TASK TO COMPLETE: A line below contains "What 1:1 replica", and a later one contains "Fendi Clothing Pants". Repeat both, with every line between them, exactly.

STORED DATA:

<<<<

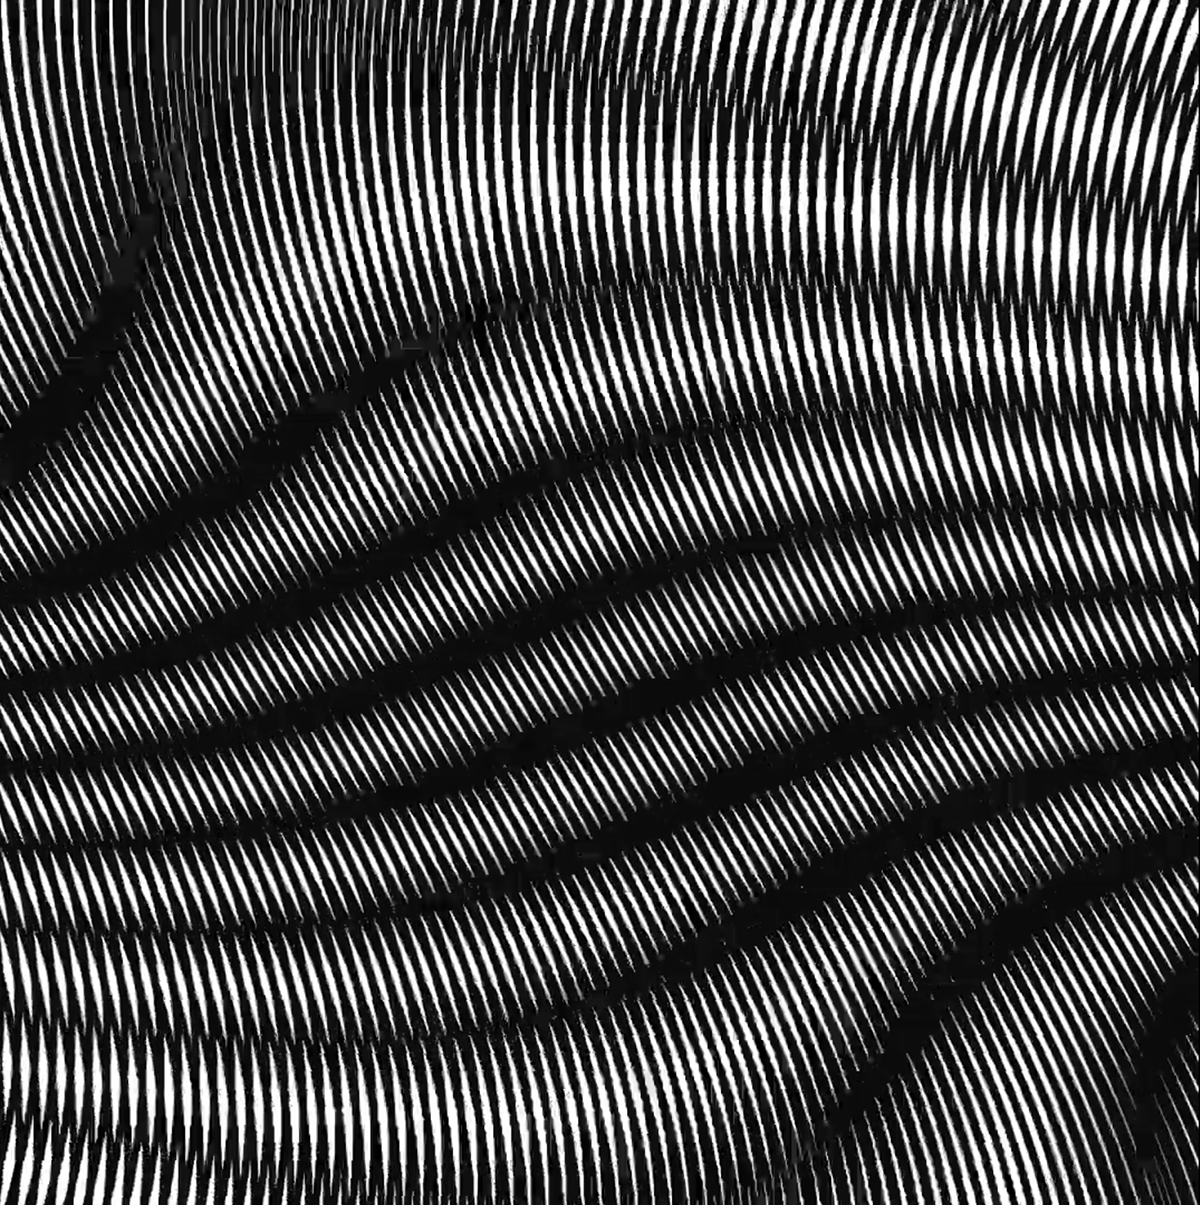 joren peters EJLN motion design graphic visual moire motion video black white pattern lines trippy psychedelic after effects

>>>>
<<<<

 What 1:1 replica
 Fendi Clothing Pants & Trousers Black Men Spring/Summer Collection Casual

>>>>

SOLUTION BELOW:
 What 1:1 replica
 Fendi Clothing Pants & Trousers Black Men Spring/Summer Collection Casual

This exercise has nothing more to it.